What follows is a listing; repeat exactly, and only, its lines from the one holding "Diy Outdoor Kitchen Kits" through the last, leaving any pictures out.

▶ _Data shown_
=== Section Start ===
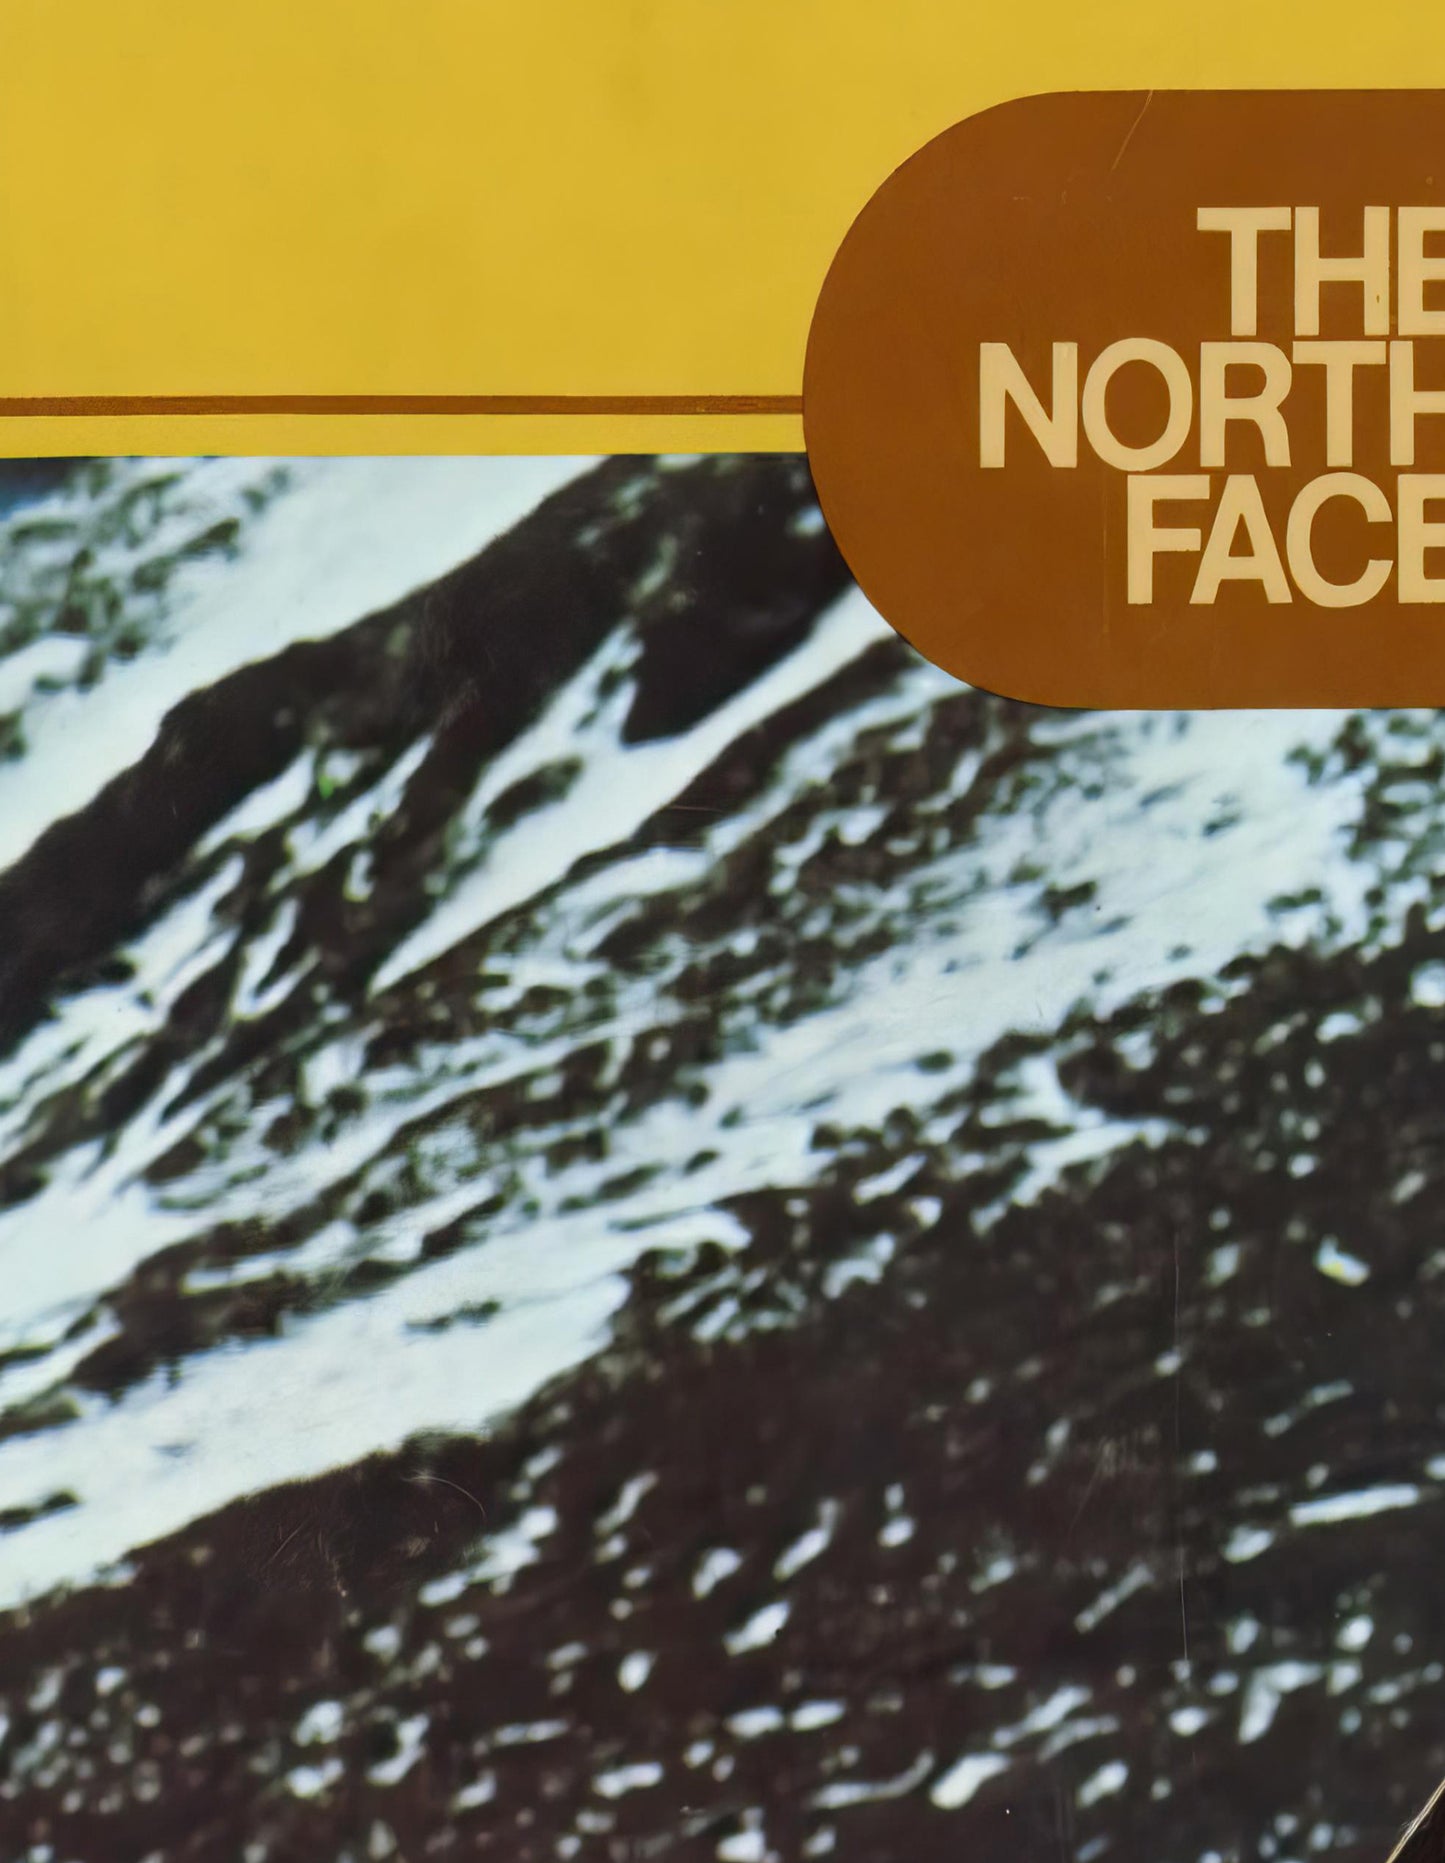 The North Face 1972 Magazine Front Cover Poster
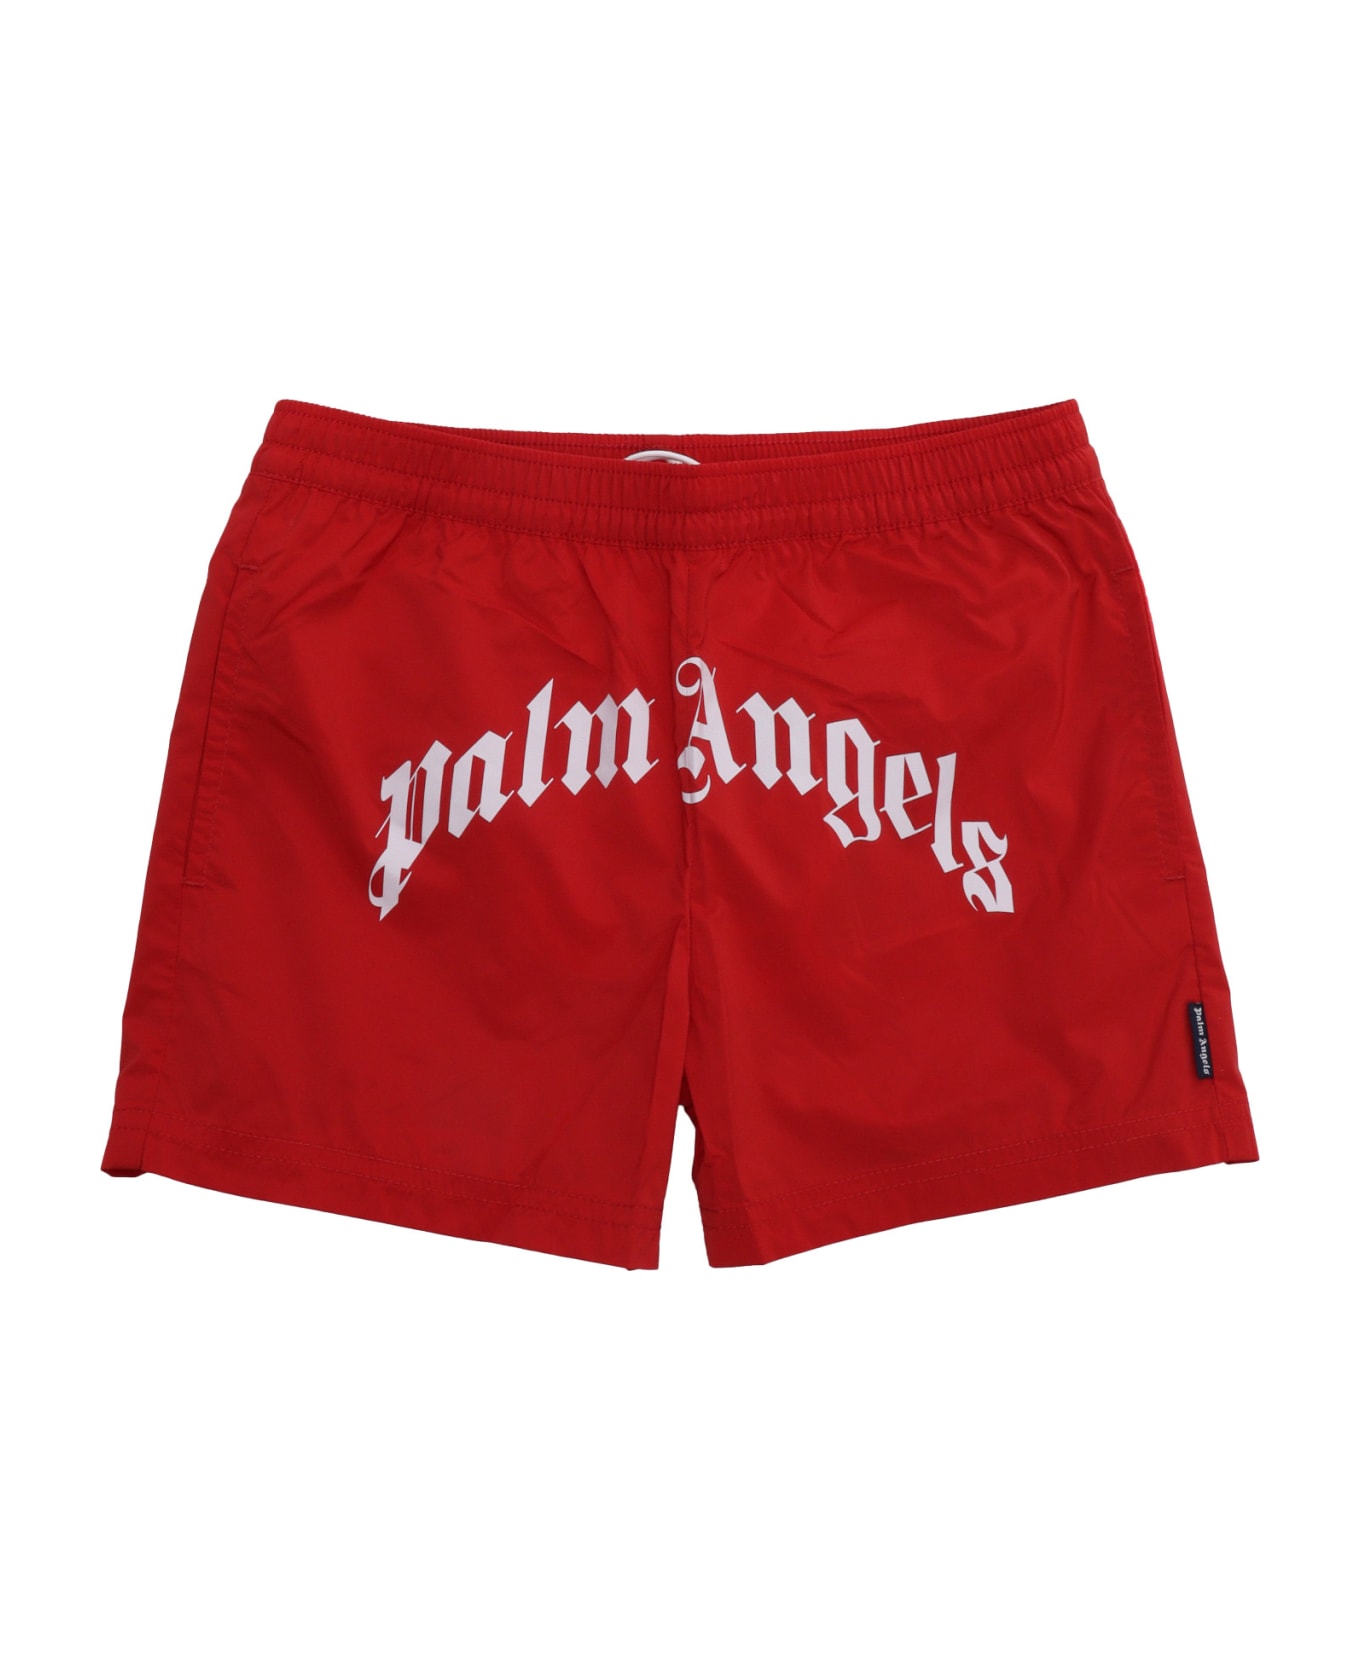 Palm Angels Curved Logo Swim Trunks - RED
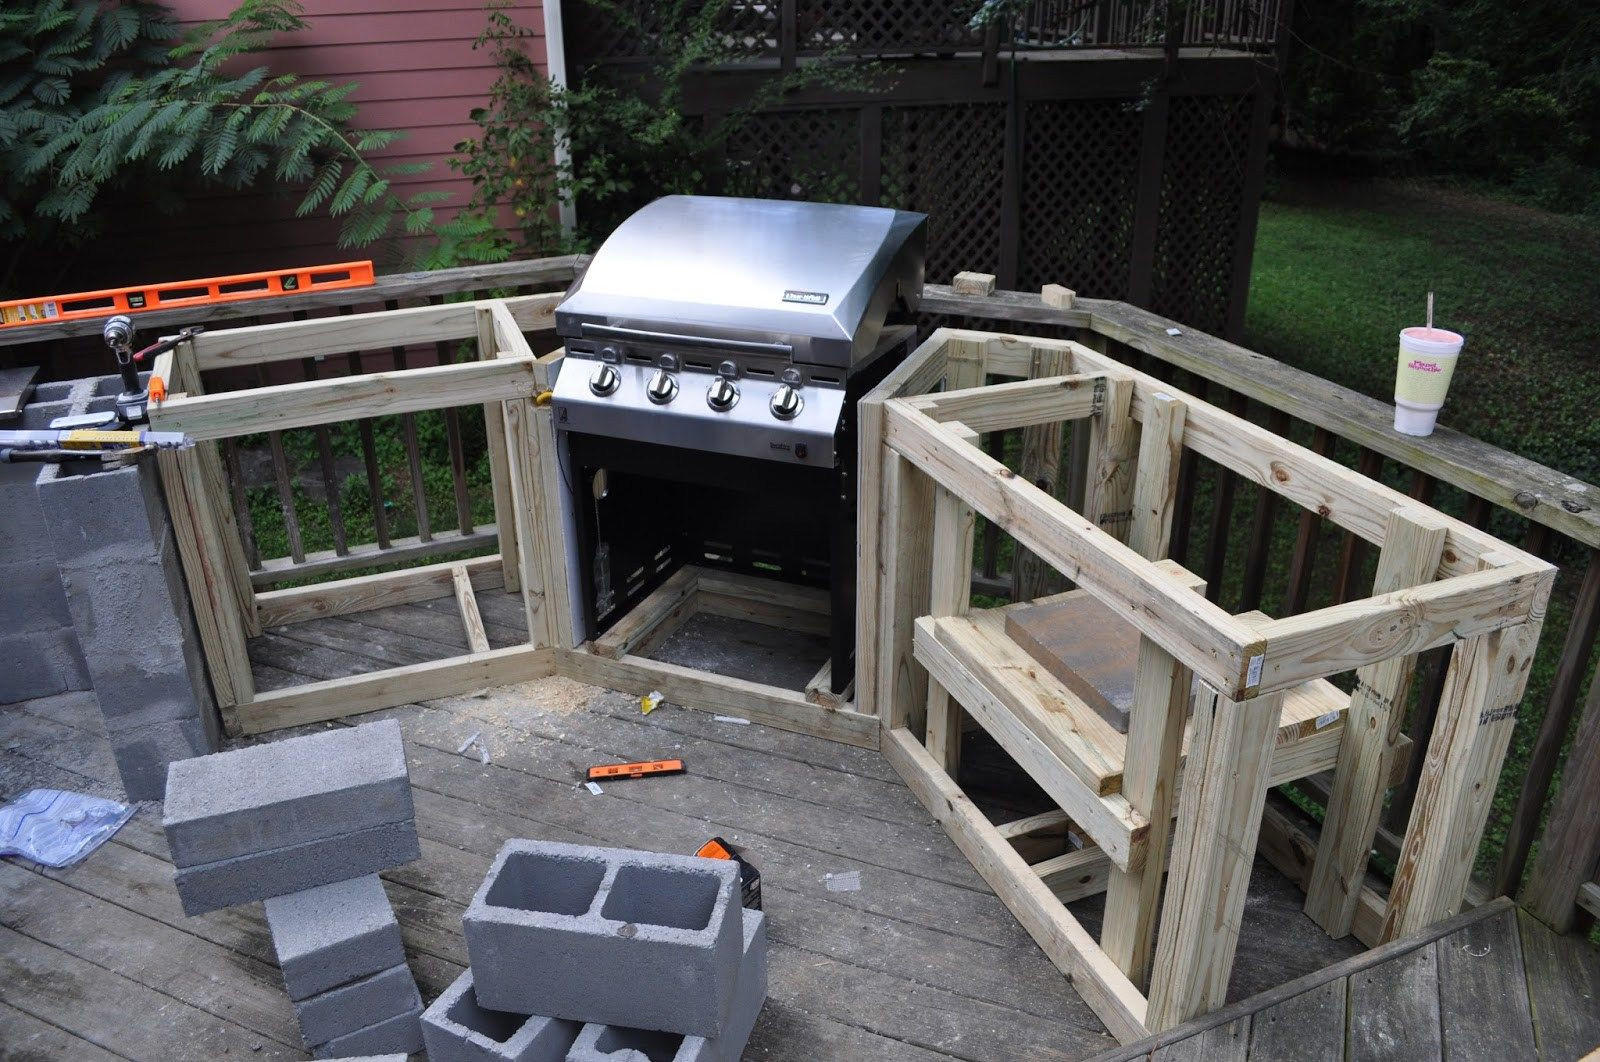 Diy Outdoor Kitchen Kits
 Diy Outdoor Kitchen Frames Kits Frame Wood And S 1
=== Section End ===
▶ _Answer section_
 Diy Outdoor Kitchen Kits
 Diy Outdoor Kitchen Frames Kits Frame Wood And S 1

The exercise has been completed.